For many years much of the Arabian peninsula was largely overlooked by palaeoarchaeologists who tended to concentrate on the more accessible Levant region of the Middle East, despite surveys in the 1970s and early 1980s which suggested there was much material to be found in Arabia. However in recent years the peninsula has been recognized as an important route for early Humans (and earlier Hominins) dispersing from Africa into Asia, and more attention has begun to be paid to the region.

In a paper published in the Journal of Field Archaeology on 16 March 2016, a team of archaeologists led by Huw Groucutt of the School of Archaeology at the University of Oxford describe a series of new sites yielding Middle Palaeolithic material from the Nejd Region of central Saudi Arabia.

The Nejd region has yielded a number of previous Middle Palaeolithic sites, suggesting that Humans or Hominins using these technologies were present in the area. Groucott et al. identified likely sites be examination of satelite images of palaeodrainage systems (dried up rivers, lakes etc.), then carrying out foot surveys of these sites. None of the sites examined has been dated yet, but rather are described as Middle Palaeolithic on the basis of the technologies used.

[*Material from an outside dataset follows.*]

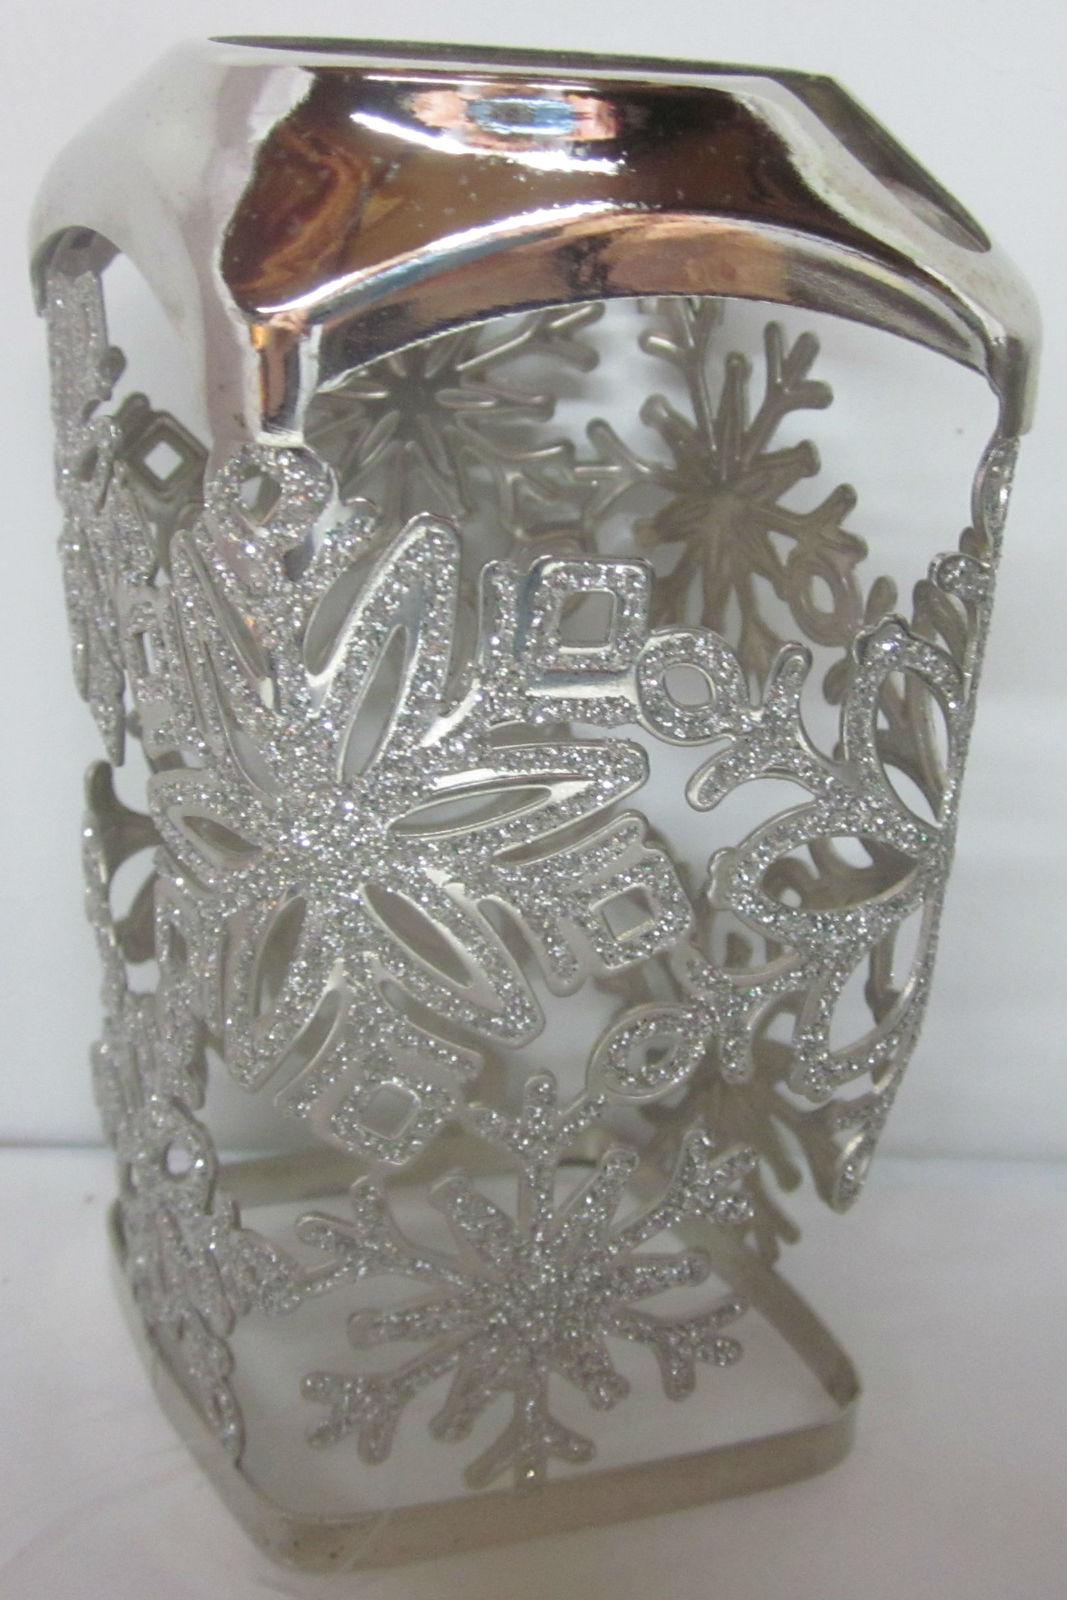 Bath & Body Works Gentle Foaming Hand Soap Sleeve Holder Glitter Snowflakes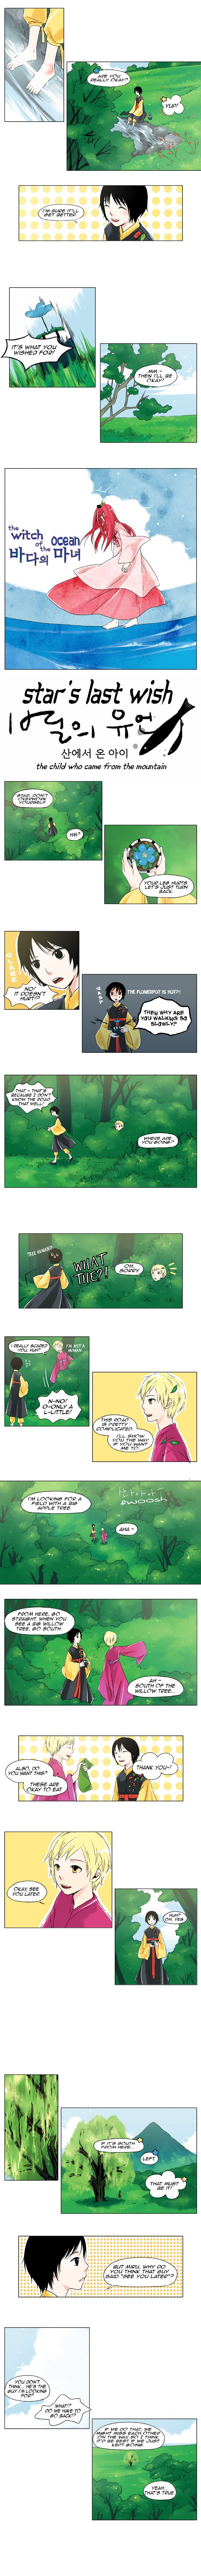 Star's Last Wish 3 Page 2

The first site examined Al Qana-1, is located on the outskirts of the village of Al Qana on the southern fringe of the Nafud Desert. The area has previously yielded Neolithic remains, an was identified as having sediments likely to be of interest in satelite images. A series of artifacts were found on the surface the edge of an aluvial fan extending from mountains to the south, which extends beneath the surrounding dunes, indicating that it is older. Three small test trenches dug into the sediments yielded no buried artifacts.

Test trench at Al Qana-1, dark blue items on surface are all Middle Palaeolithic rhyolite lithics. Groucott et al. (2016).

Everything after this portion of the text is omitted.